To do
Reproduce exactly the line with "Vector illustration de" and every line that follows it below, up to and including the last one. Do not include pictures or anything else.

Given data
════════════════

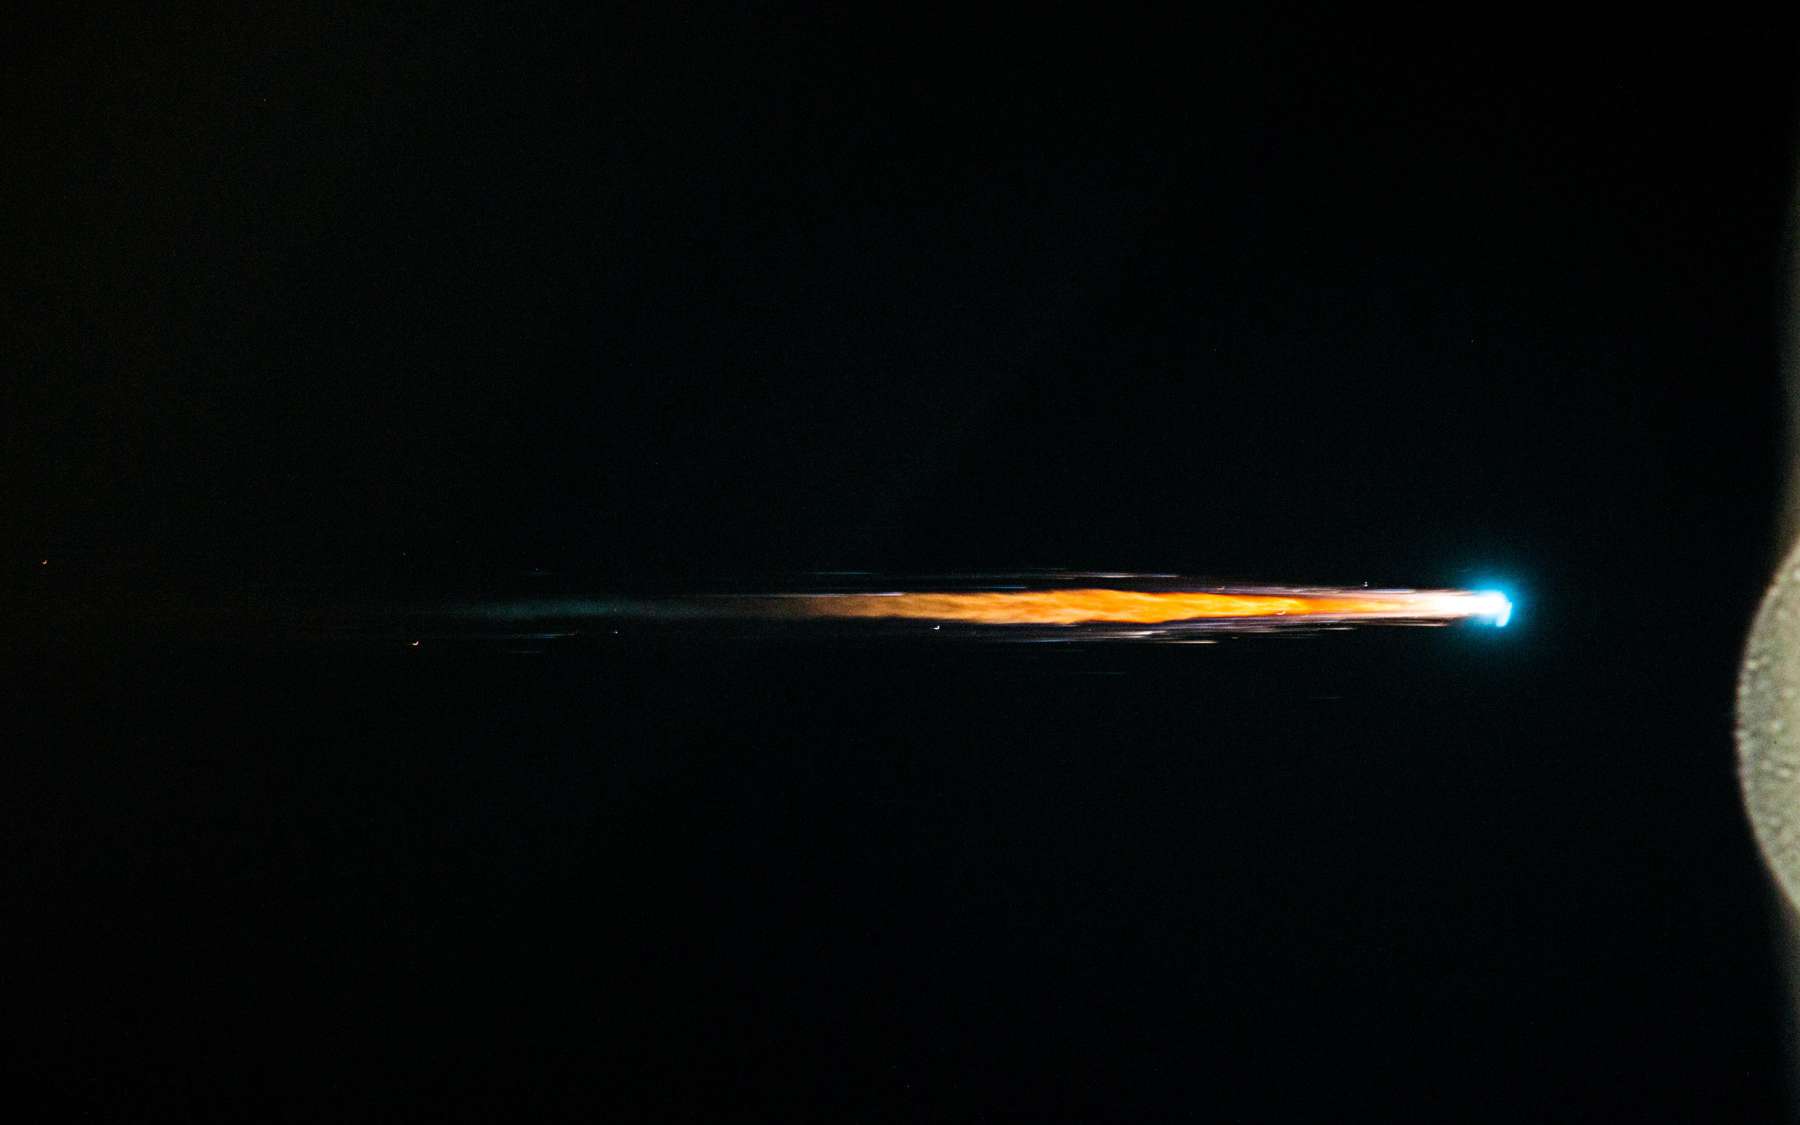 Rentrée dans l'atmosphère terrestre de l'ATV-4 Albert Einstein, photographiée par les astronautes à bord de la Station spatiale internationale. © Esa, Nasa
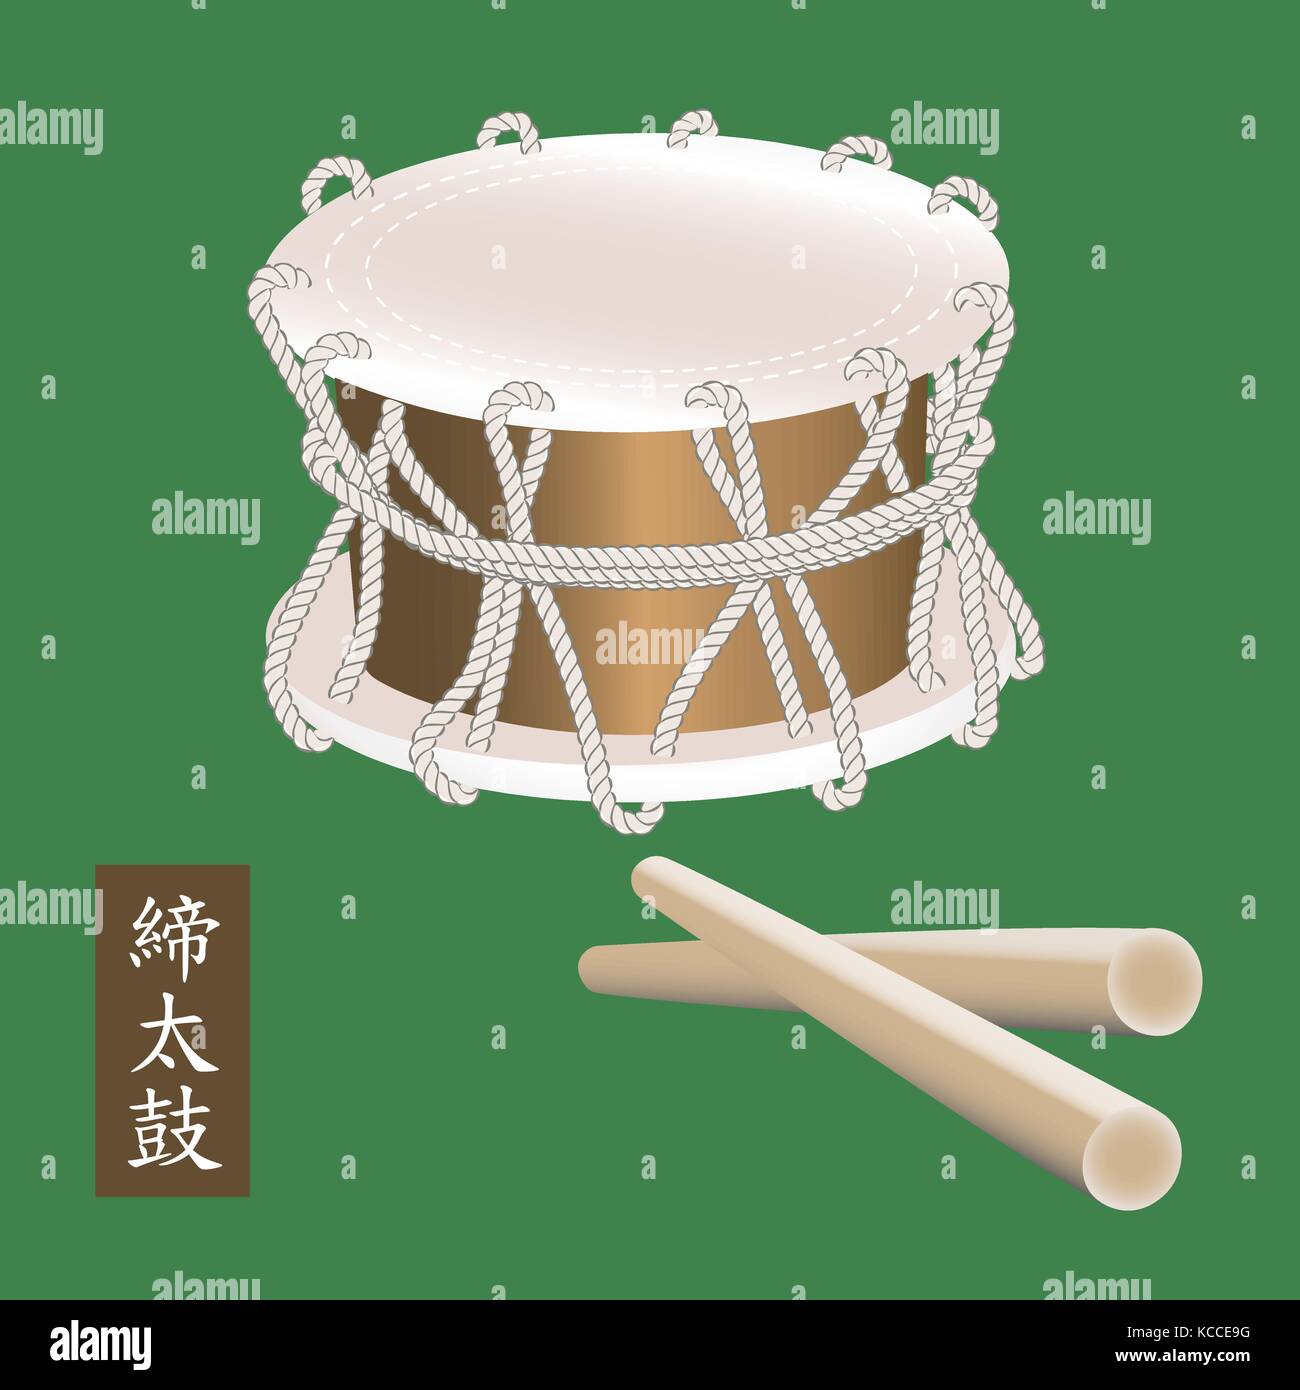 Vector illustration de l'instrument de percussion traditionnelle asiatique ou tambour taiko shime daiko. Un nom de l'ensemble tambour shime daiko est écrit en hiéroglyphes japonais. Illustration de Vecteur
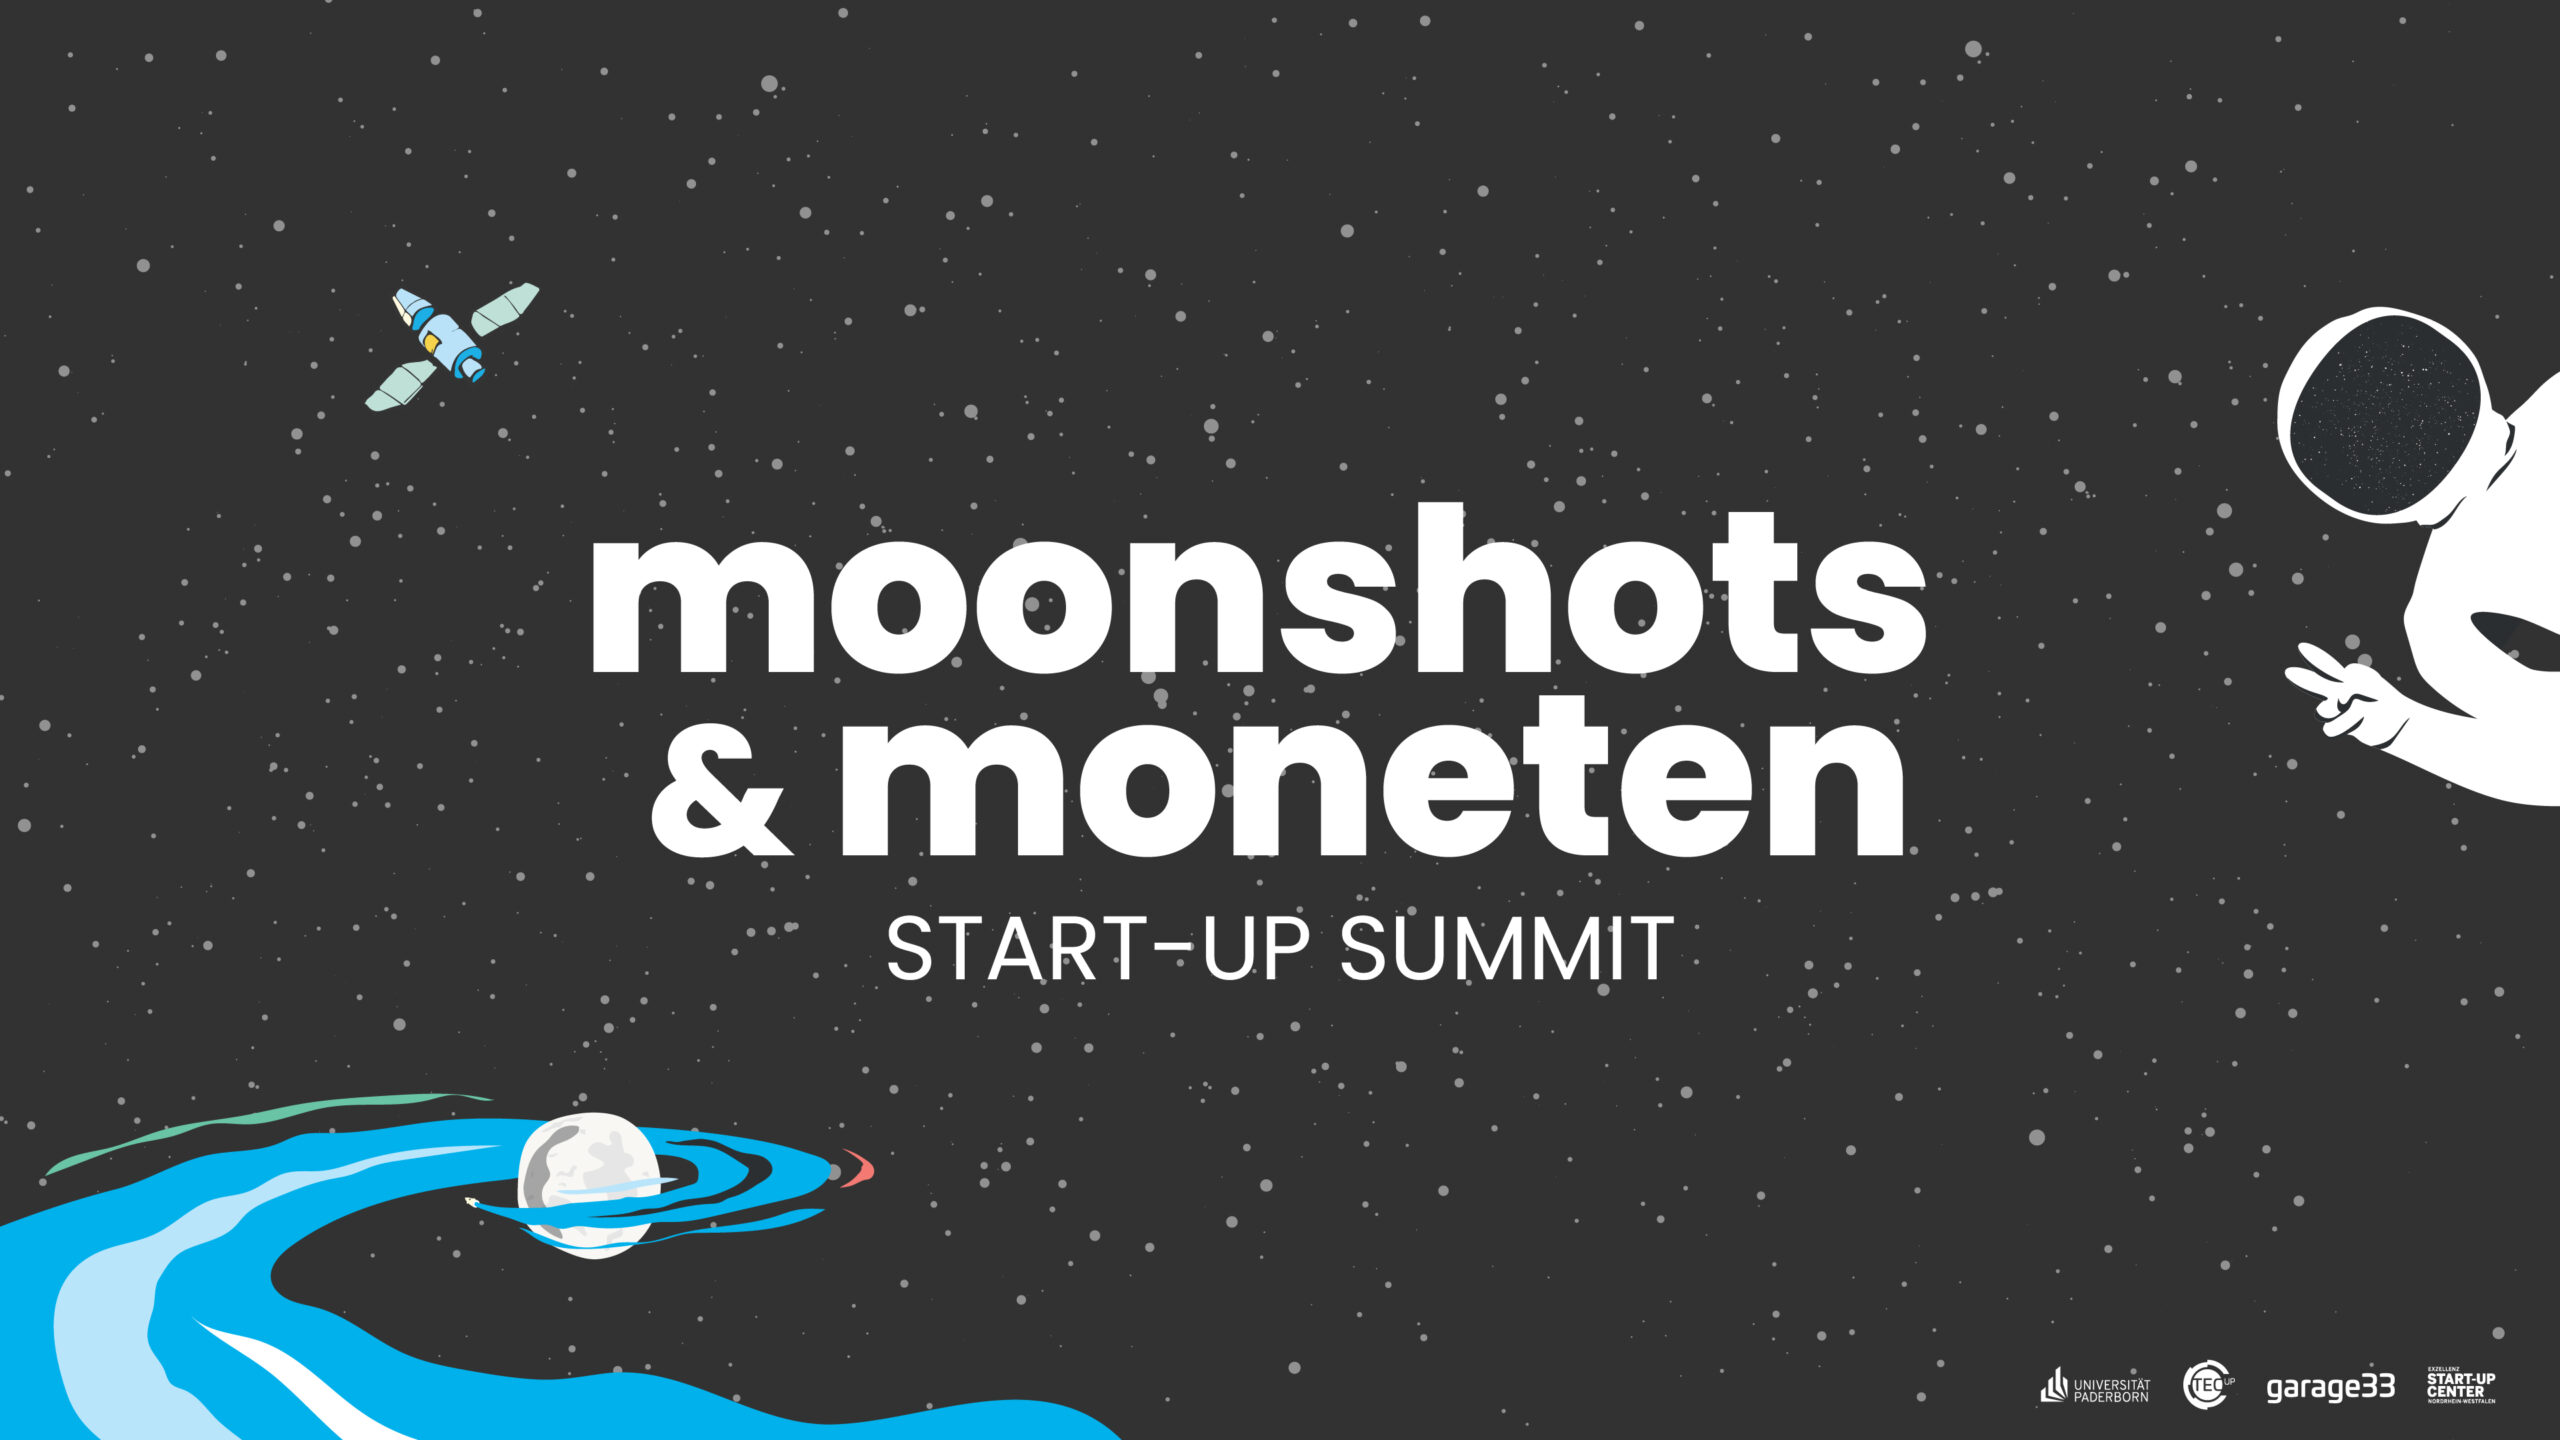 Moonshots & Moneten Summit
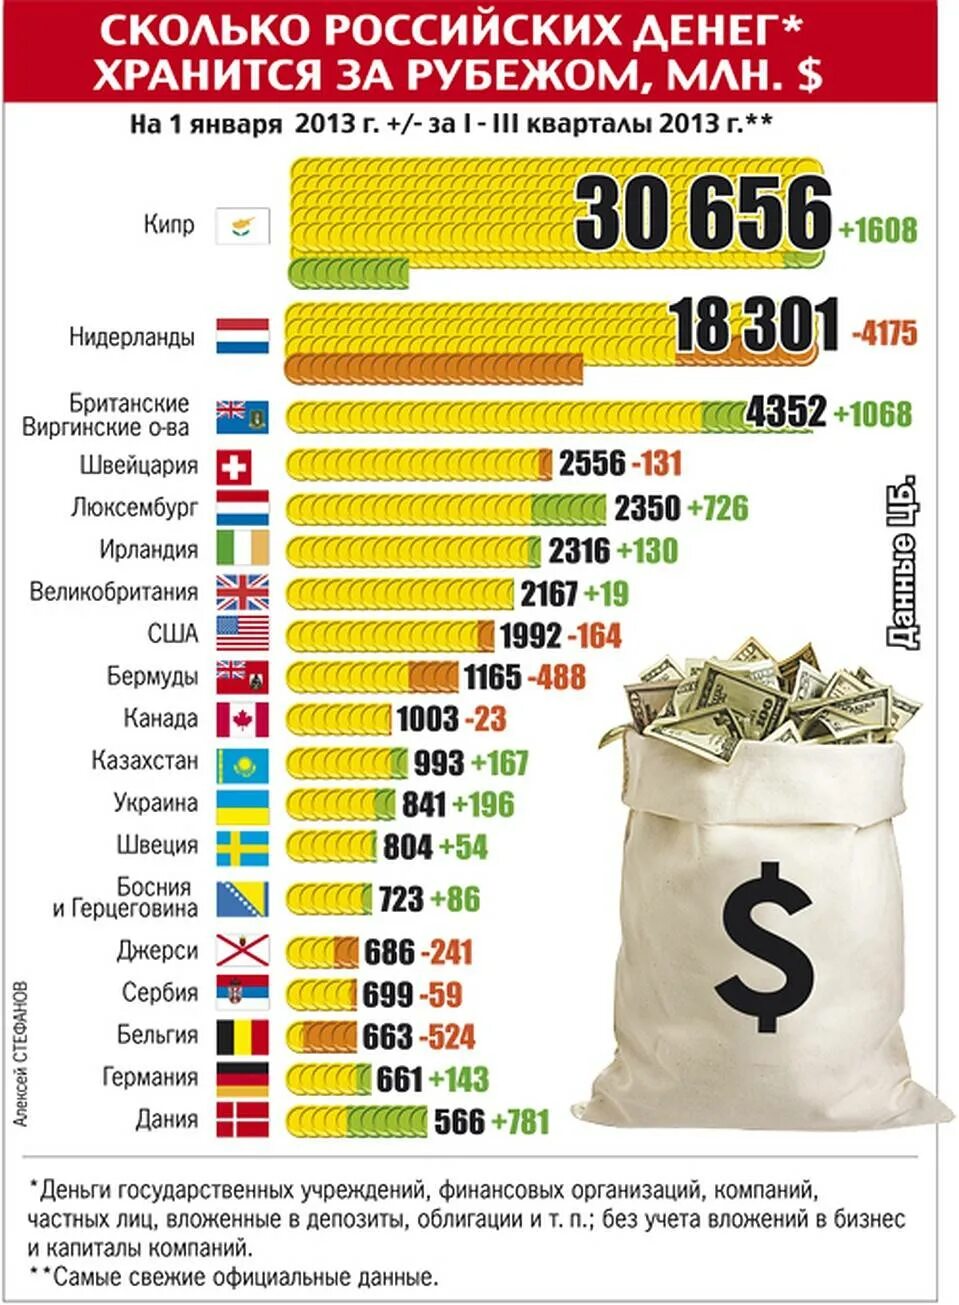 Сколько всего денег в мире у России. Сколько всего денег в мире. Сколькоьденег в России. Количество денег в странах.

════════════════

Output below
 Vector illustration de l'instrument de percussion traditionnelle asiatique ou tambour taiko shime daiko. Un nom de l'ensemble tambour shime daiko est écrit en hiéroglyphes japonais. Illustration de Vecteur
 Moonshots & Moneten Summit
 Сколько всего денег в мире у России. Сколько всего денег в мире. Сколькоьденег в России. Количество денег в странах.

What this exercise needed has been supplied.